IACS seminars are generally held every other Friday at lunchtime during the academic year. Students, faculty and others interested in computational science and applied computation are welcome to attend. See the calendar page for ways to find out about future seminars.
Fall 2013 IACS Seminar Series
September 13, 2013
John Hasbrouck Van Vleck Professor of Pure and Applied Physics
Using Computation to Diagnose and Predict Heart Disease
The patterns of blood flow in arteries are crucial in determining the onset and progression of heart disease. These patterns can only be captured by simulations, assuming that the important details at different scales are properly described. This presentation will give an overview of our efforts to construct multiscale models of arterial blood flow based on the lattice Boltzmann equation.
September 27, 2013
Senior Principal Engineer and Program Leader for Materials Design, Design and Technology Group, Intel Corp.; IACS Distinguished Scientist in Residence
Prediction, Renaissance, and Cognition - 3 Questions for Computing
With the increasing power of computing, humans appear to be on the verge of a golden era in use of computing to address problems in all areas including energy, health, and information. Extrapolating the ever-increasing efficacy of hardware and software, it appears that we are moving towards being totally predictive and even exceeding the computing power of the brain. Based on our work on several aspects of modeling covering areas of chemistry and materials science, we will address the feasibility of such a vision and look back to history and renaissance to distill the lessons for the future of computing. In this journey, we hope to take you back to the future in which prediction has been one of the most sought after goals for humans.
October 11, 2013
Dmitri "Mitya" Chklovskii
Janelia Lab Head, Howard Hughes Medical Institute
How the Brain Handles Big Data: Online Algorithms in Neurons
Our brains constantly handle big data streamed by our sensory organs.
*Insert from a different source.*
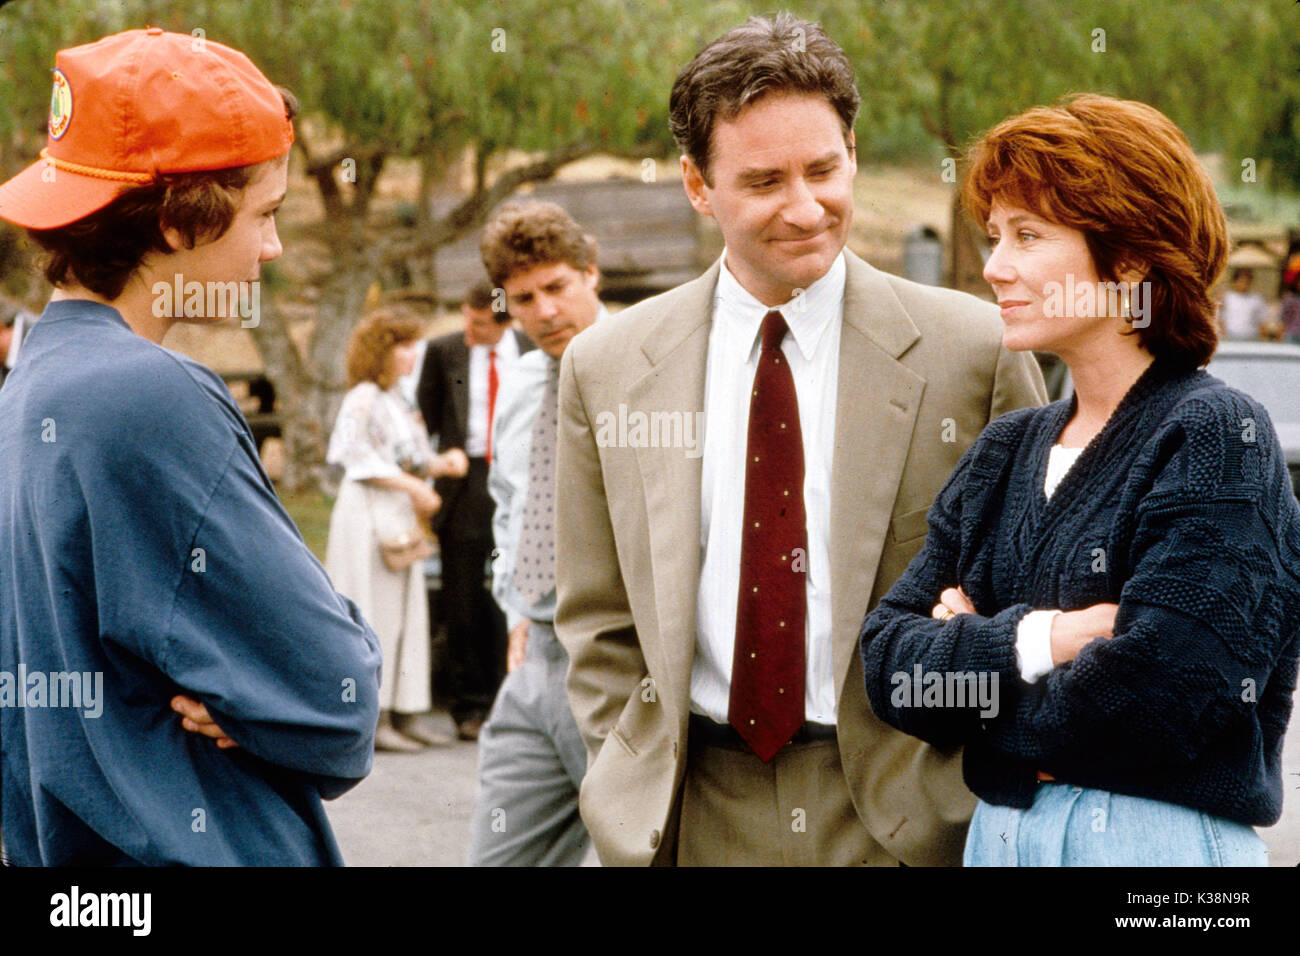 GRAND CANYON Kevin Kline, Mary McDONNELL (rechts) Datum: 1991 Stockfoto

Yet, how this is done in neurons, elementary building blocks of the brain, is not understood. We propose to view a neuron as a signal processing device representing its high-dimensional input by a synaptic weight vector scaled by its output. A neuron accomplishes this task by running two online algorithms: a slow algorithm which adjusts synaptic weights to extract the most non-Gaussian projection of the high-dimensional input, and a fast algorithm which estimates the projection amplitude. Both online algorithms rely on sparsity-inducing regularizers and have provable regret bounds. The steps of these algorithms account for the salient physiological features of neurons such as leaky integration, non-linear output function, Hebbian synaptic plasticity rules, and sparse connectivity and activity. Thus, our work should help model biological neural circuits and develop biologically inspired computing.
October 25, 2013
Director of Data Science, Institute for Quantitative Social Science, Harvard
10 Simple Rules for the Care and Feeding of Scientific Data
Increasingly, scientific publications and claims are based on ever-increasing volumes of data. Once the publication is complete, it is often difficult for others to locate the data and accompanying analyses, and once located, often challenging to make sense of them. For scientific results to continue being subject to verification and extension, we in the scientific community must ensure that good data management, with sufficient transparency and accessibility of data and analyses, become essential and ordinary elements of the research cycle. In this paper, we present 10 simple rules to help scientists towards this goal.
November 8, 2013
Director, Analog Devices Lyric Labs
Probabilistic Programming and Probability Processing
We are developing a computing stack for Bayesian inference and machine learning, including integrated circuits, probabilistic programming languages, compilers, and applications. Our first probability processor hardware demonstrates orders of magnitude wins on machine learning and statistical inference benchmarks. We are developing open-source probability programming languages that help enable rapid prototyping and development of statistical machine learning applications. We will demonstrate some applications that we are building on top of the probability processing stack.
November 22, 2013
Assistant Professor of Computer Science, Universite de Sherbrooke, Canada
Deep Learning for Distribution Estimation
Deep learning methods attempt to learn a deep and distributed representation of data directly from its low-level representation. The motivating argument is that high-dimensional data in AI-related domains (speech, computer vision, natural language) can take a more meaningful representation as a decomposition into several layers of abstractions, decomposing its different factors of variation. Deep learning methods thus try to discover and learn this representation directly from data.